TINY STORM-CHASING SENSORS SAVE LIVES
BY MAKING HURRICANES MORE PREDICTABLE

By Candace Stuart
Small Times Senior Writer

JUNE 12, 2001 — Meteorologists had been tracking the storm since Aug. 18, watching it grow from a tropical depression over the Bay of Campeche off Mexico into a hurricane that teetered toward the coast of Texas. Strapped in seats of a P-3 weather reconnaissance aircraft, hurricane trackers were getting a first-hand look as the plane plowed through the roiling clouds.

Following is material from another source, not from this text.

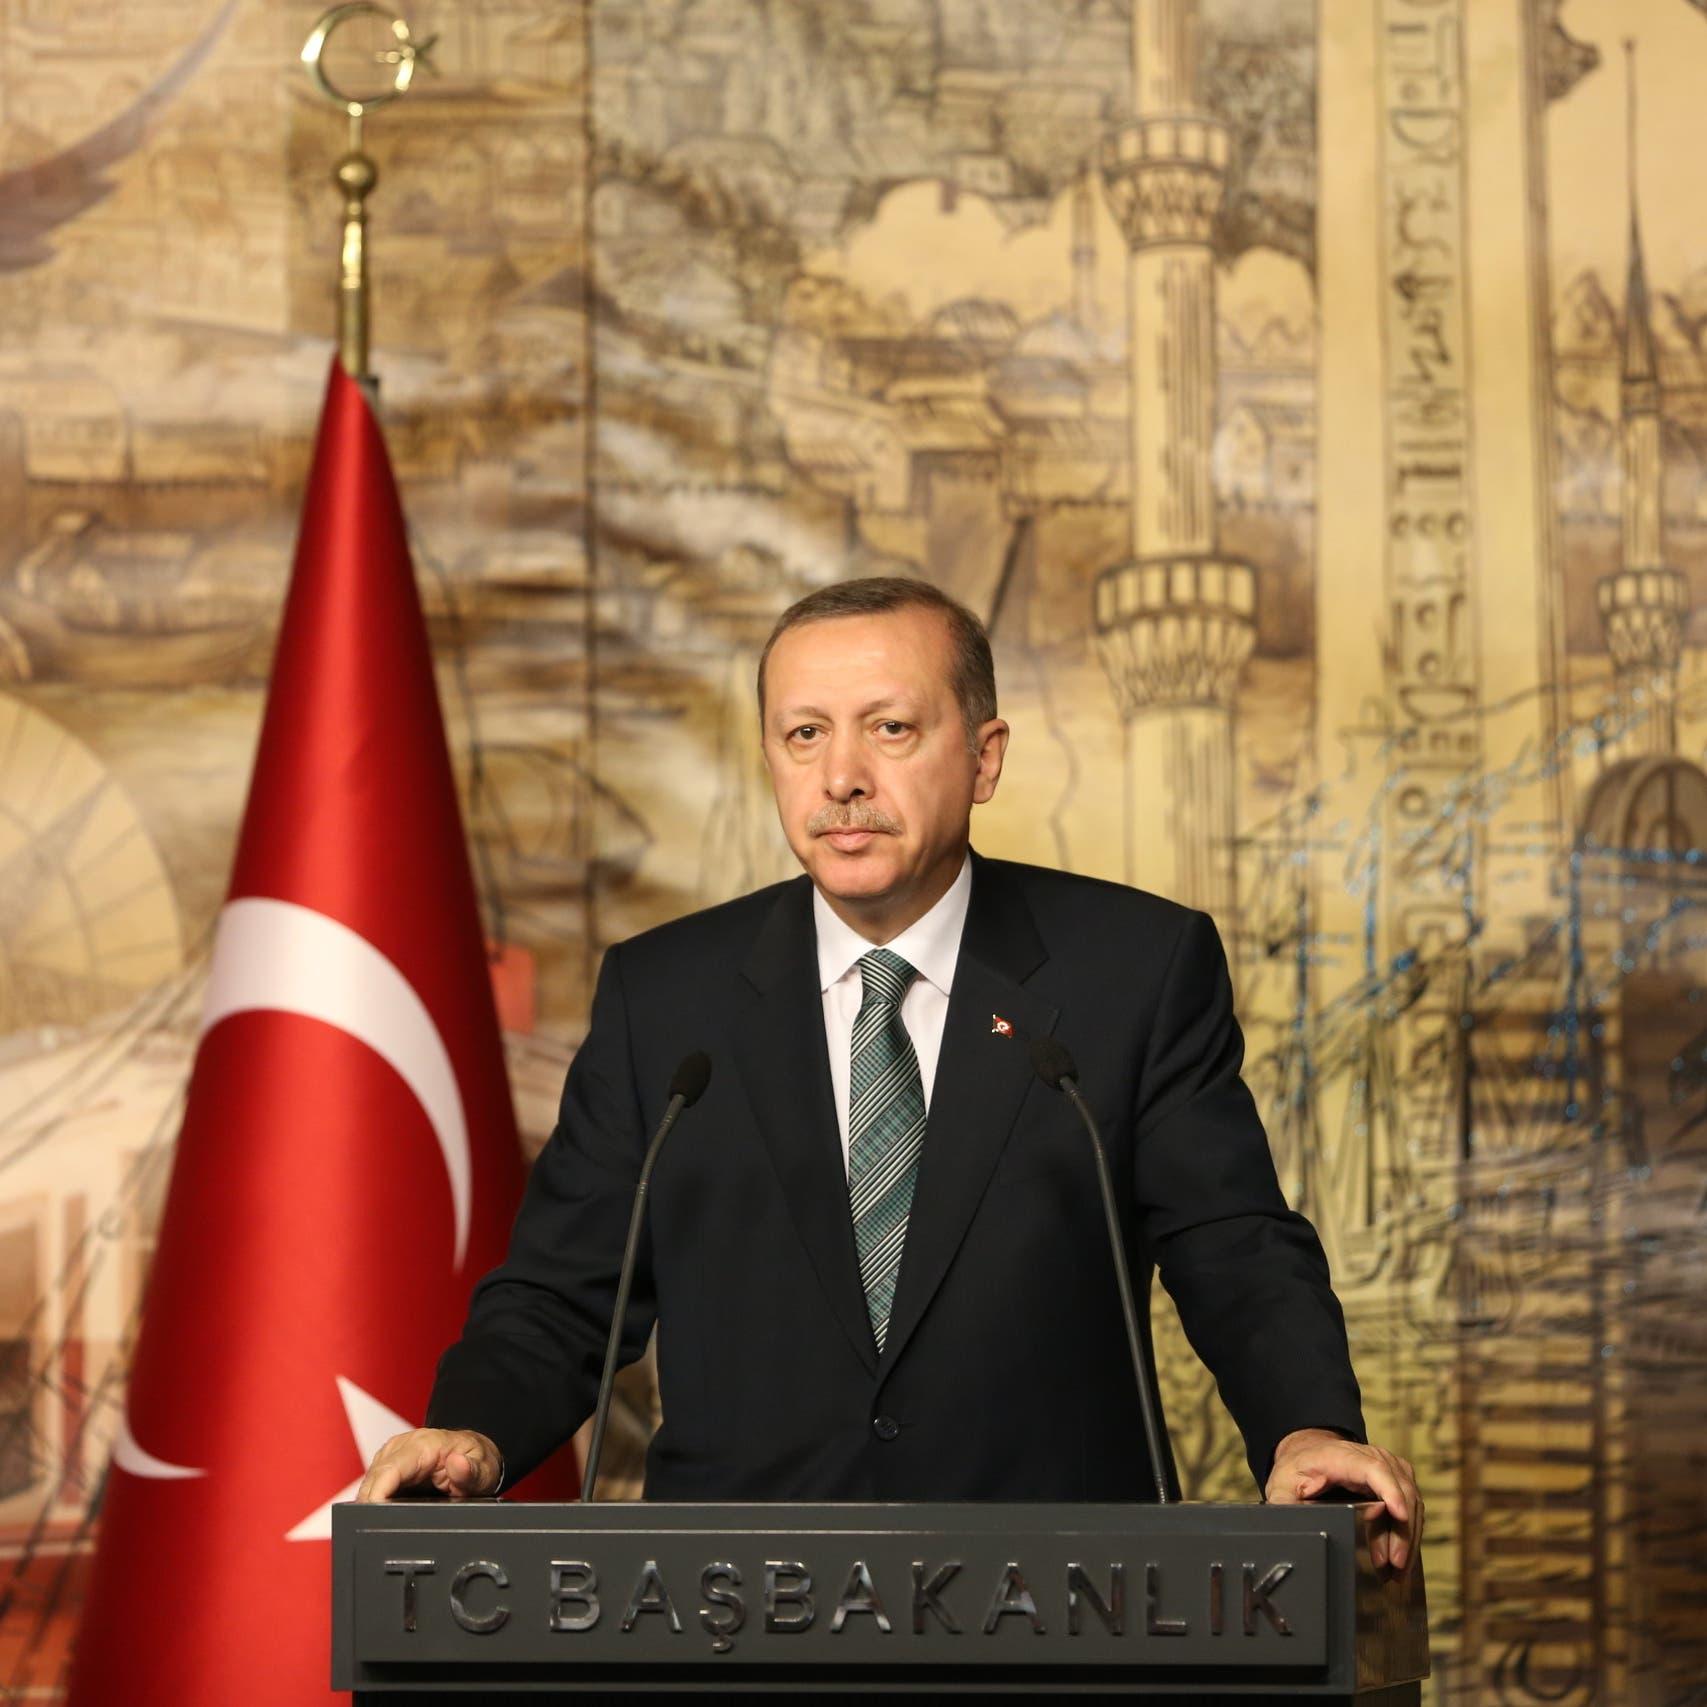 """إعلام تركي يبرر محاولات أردوغان لإحياء """"العثمانية الجديدة"""""""

But back at National Hurricane Center in Miami, meteorologist James Franklin had the best view of all – better than the pilots in the cockpit, better than the satellites in space and the radars on land. He had precise data from small tech devices that had been dropped from the plane to relay temperature, pressure, humidity and wind speed readings before plunging into the sea.

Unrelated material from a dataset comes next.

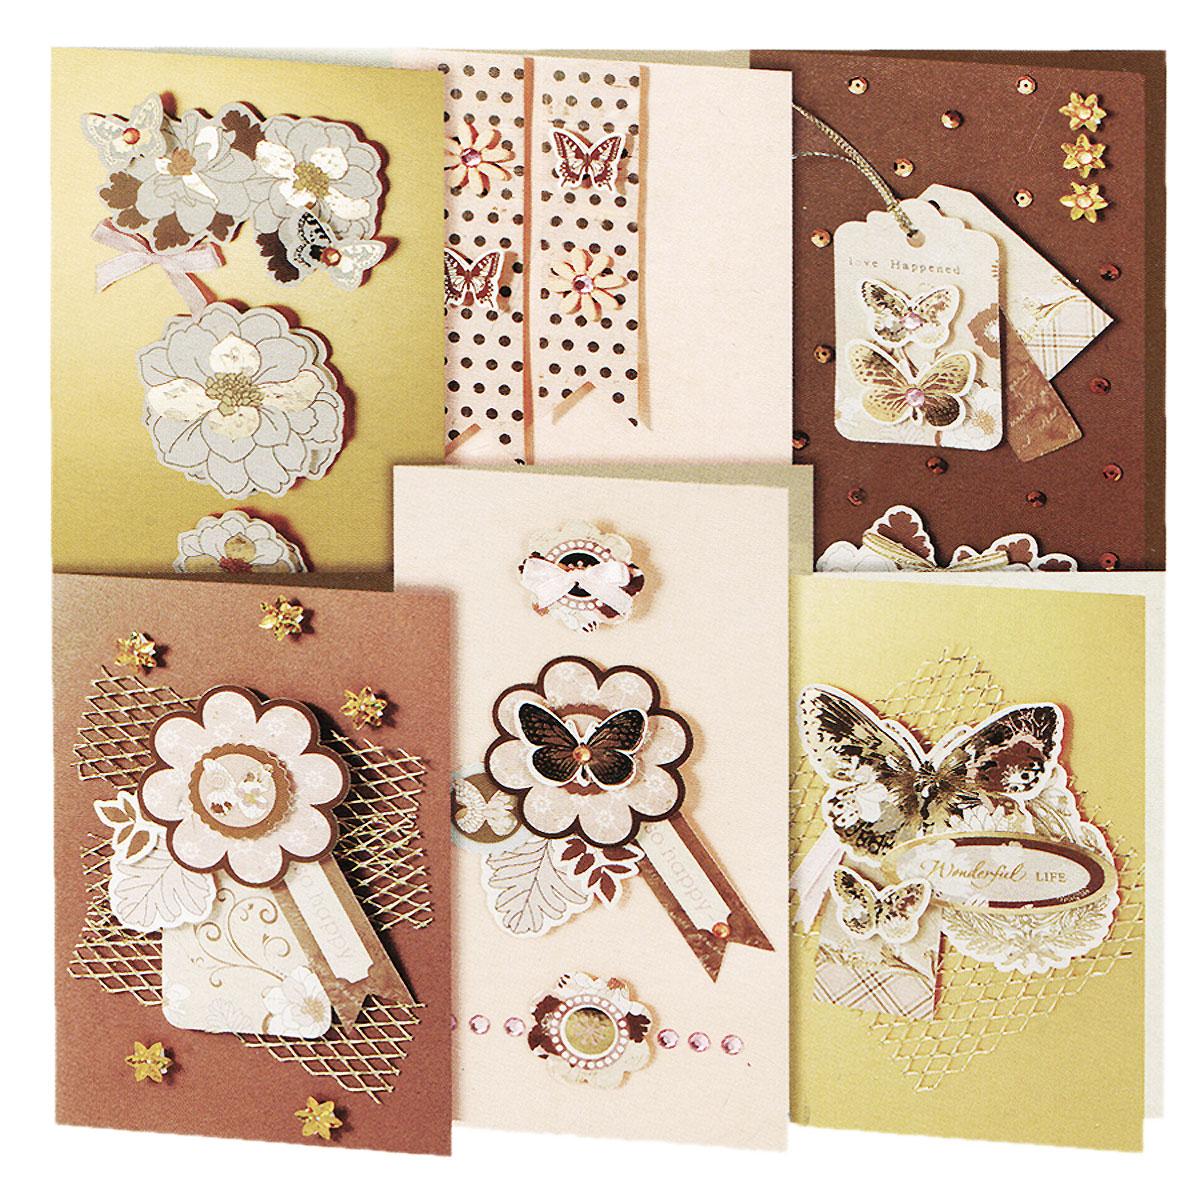 Набор для создания открыток Белоснежка Бабочки, 6 шт217-SBНабор для создания открыток Белоснежка Бабочки позволит вам и вашему ребенку создать 6 оригинальных открыток из картона в стиле 3D скрапбукинг. Набор включает в себя все необходимое для работы: 6 заготовок для открыток, 6 конвертов, клеевые подушечки, декоративные элементы (вырубка из бумаги в форме бабочек и цветов, ленты, паетки, стразы, полубусины) и подробную инструкцию на русском языке. Скрапбукинг - это хобби, которое способно приносить массу приятных эмоций не только человеку, который этим занимается, но и его близким, друзьям, родным. Это невероятно увлекательное занятие, которое поможет вам сохранить наиболее памятные и яркие моменты вашей жизни, а также интересно оформить интерьер дома. Размер малой открытки: 11,5 см х 17 см. Размер большой открытки: 11,5 см х 21 см.

While others thought they were seeing a Category Three hurricane that August day in 1999, Franklin observed something even worse. Near sea level, Hurricane Bret had picked up wind speed while pressure continued to drop. It had advanced to a Category Four, with winds whipping at 144 miles per hour. Earlier predictions put the coastal cities Corpus Christi and Brownsville in its path.

“Aircraft (using traditional observation techniques) didn’t indicate Category Four until 12 hours later,” Franklin said. “Ours gave us 12 hours advance warning.”

Increasingly accurate weather predictions and better emergency warning systems have reduced hurricane deaths in the United States from averages of nearly 9,000 in the 1900s to 100 or so in the 1990s, although many more people now live in coastal cities, according to the National Oceanic and Atmospheric Association’s National Weather Service (NWS).

Researchers such as Franklin and National Center for Atmospheric Research engineer Terrence Hock have made those systems even better by designing tools using MEMS and microsystems. The two helped create the latest generation of dropsondes that provide real-time measurements of a storm’s vital signs. On May 21, Franklin received the National Weather Service’s highest honor, the Isaac M. Cline Award, for his part in the project.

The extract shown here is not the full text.